Input.
_ _ _ _ _

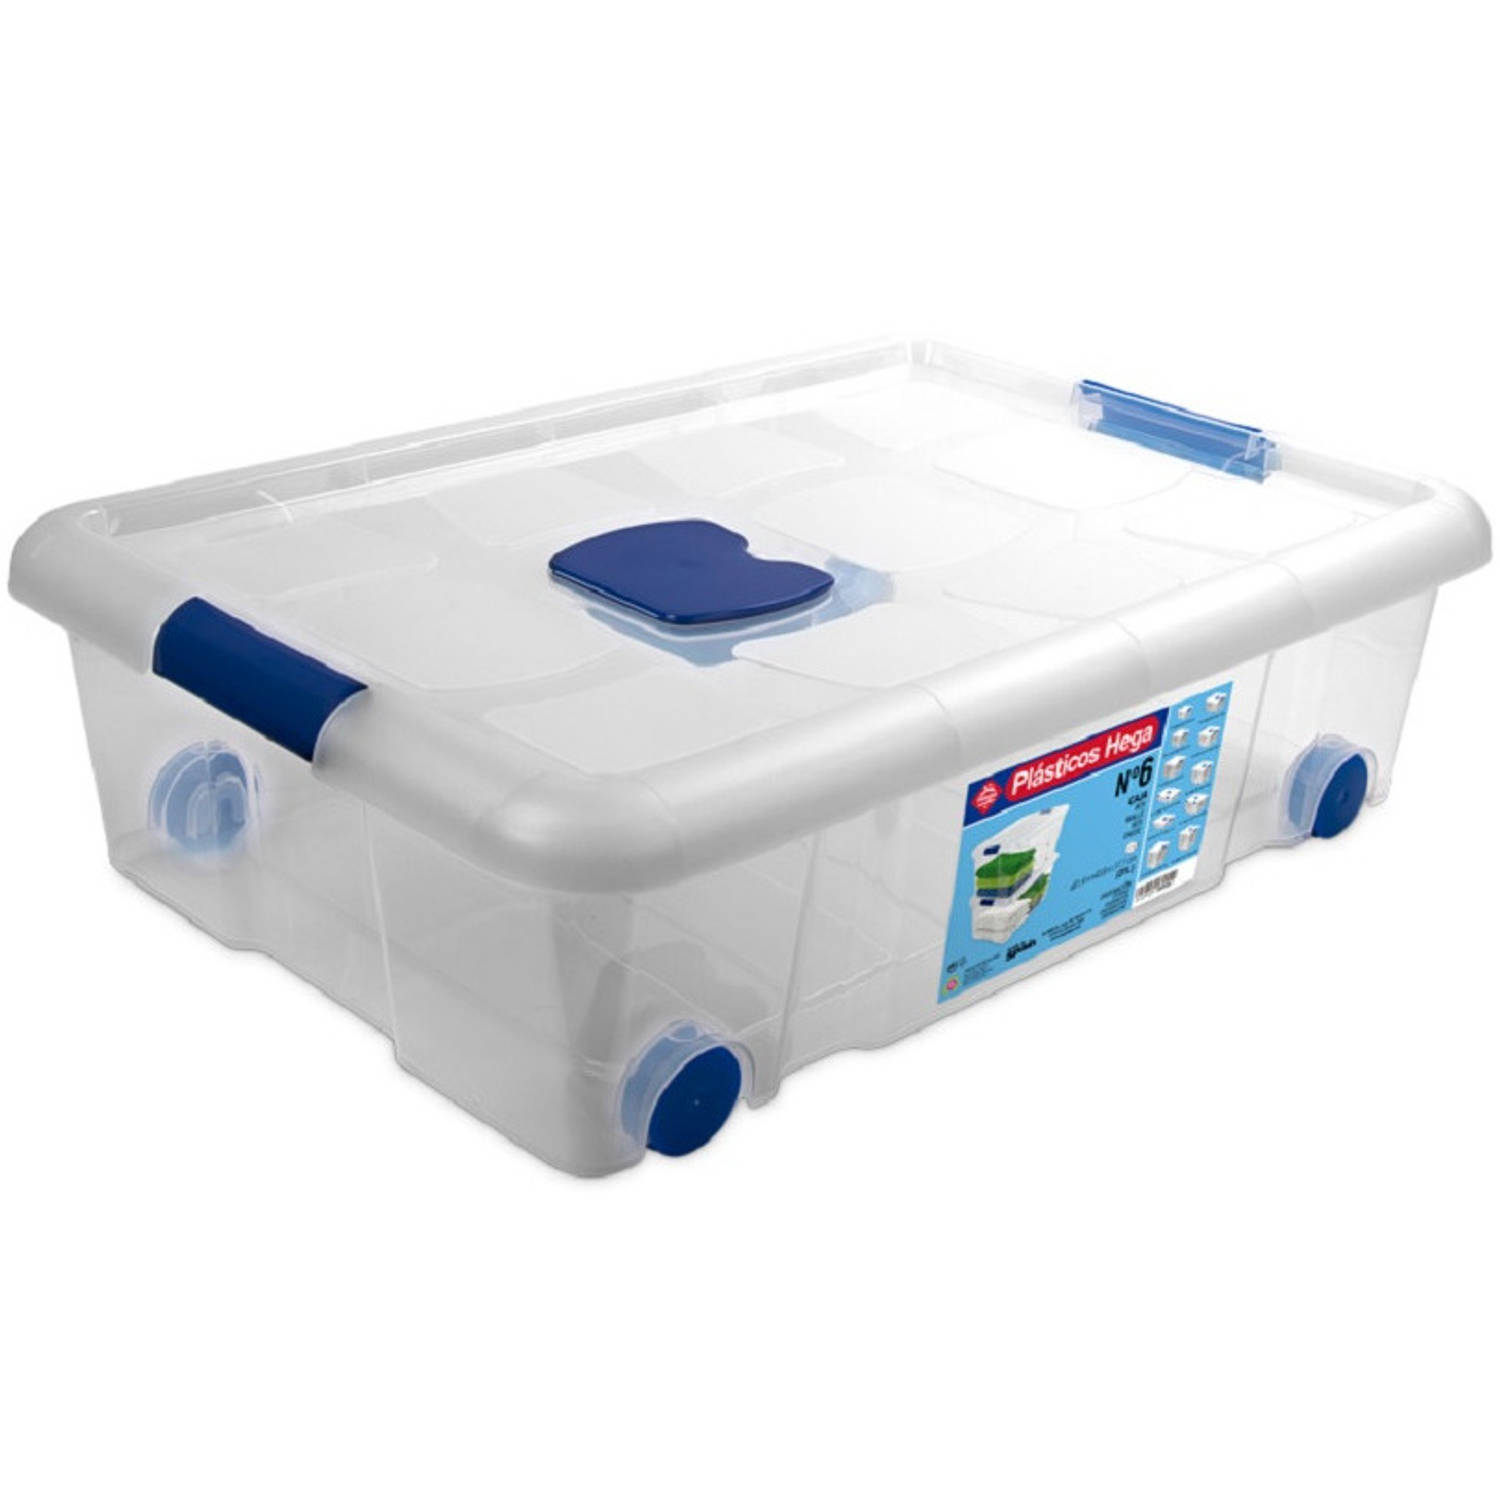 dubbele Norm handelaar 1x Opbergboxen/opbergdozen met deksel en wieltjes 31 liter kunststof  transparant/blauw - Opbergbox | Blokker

_ _ _ _ _

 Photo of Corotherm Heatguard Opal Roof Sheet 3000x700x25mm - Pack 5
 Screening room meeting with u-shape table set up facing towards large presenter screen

_ _ _ _ _

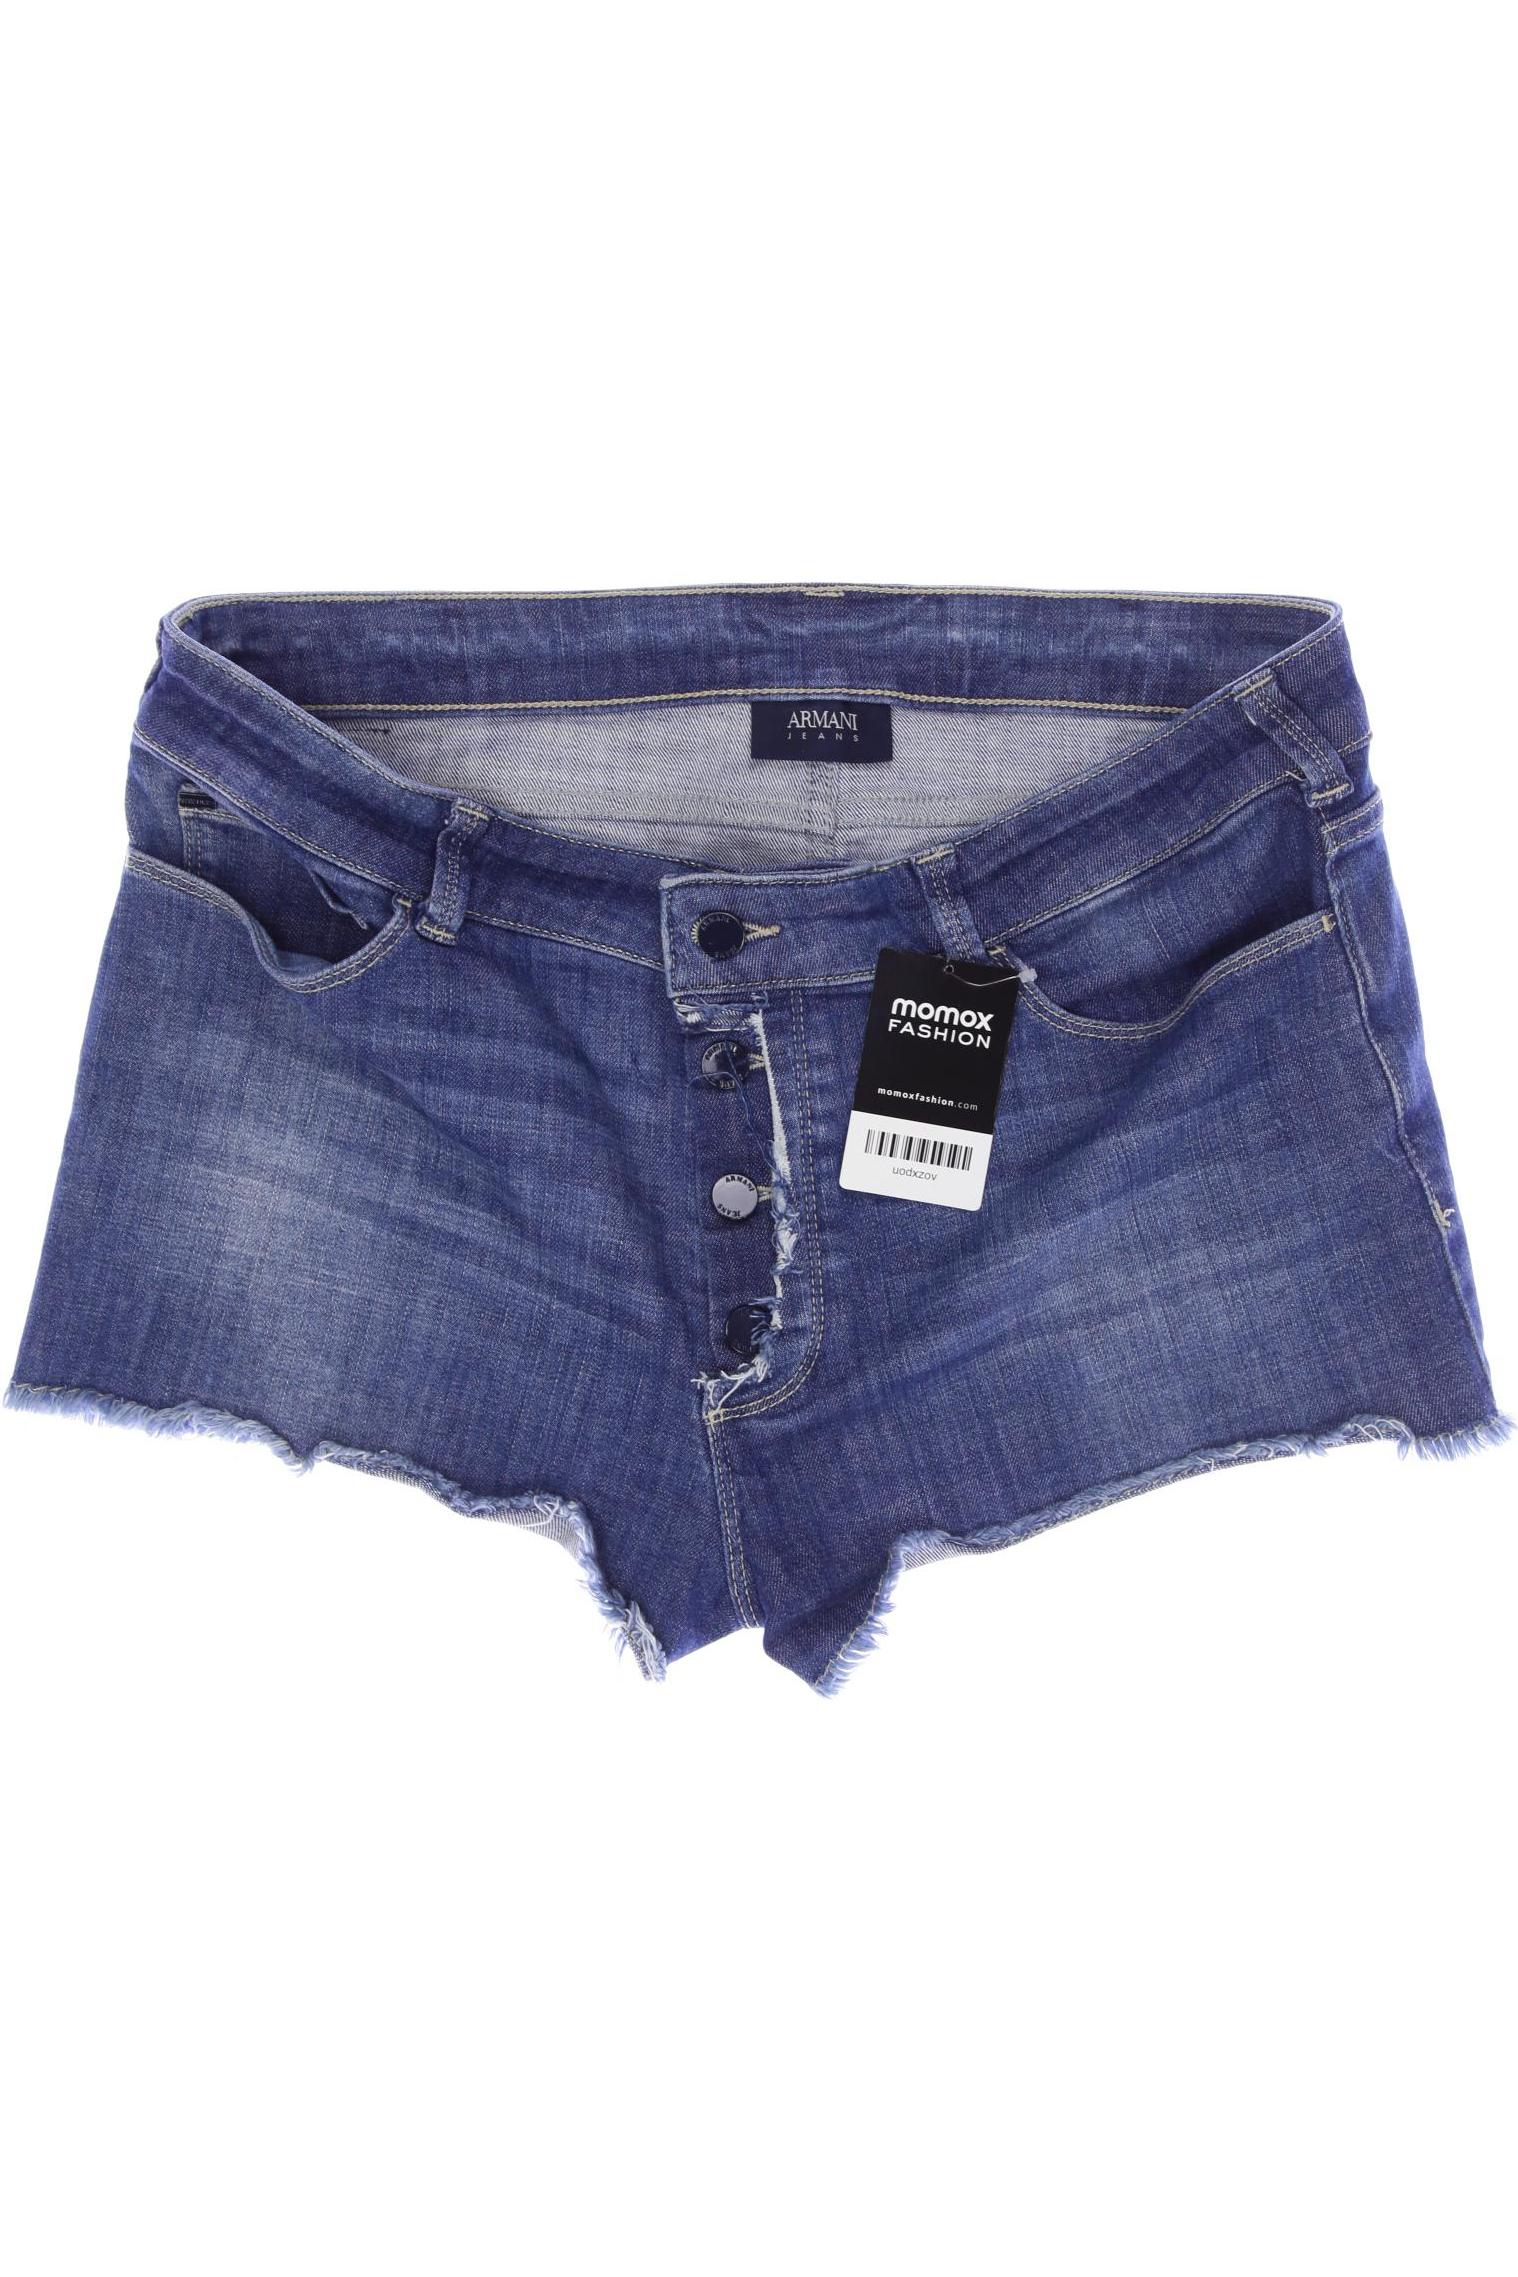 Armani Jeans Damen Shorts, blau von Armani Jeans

_ _ _ _ _

Task instructions.
Set down precisely the lines above between the line holding "Photo of Corotherm" and the line holding "Screening room meeting", inclusive, and nothing beyond them.

Answer.
 Photo of Corotherm Heatguard Opal Roof Sheet 3000x700x25mm - Pack 5
 Screening room meeting with u-shape table set up facing towards large presenter screen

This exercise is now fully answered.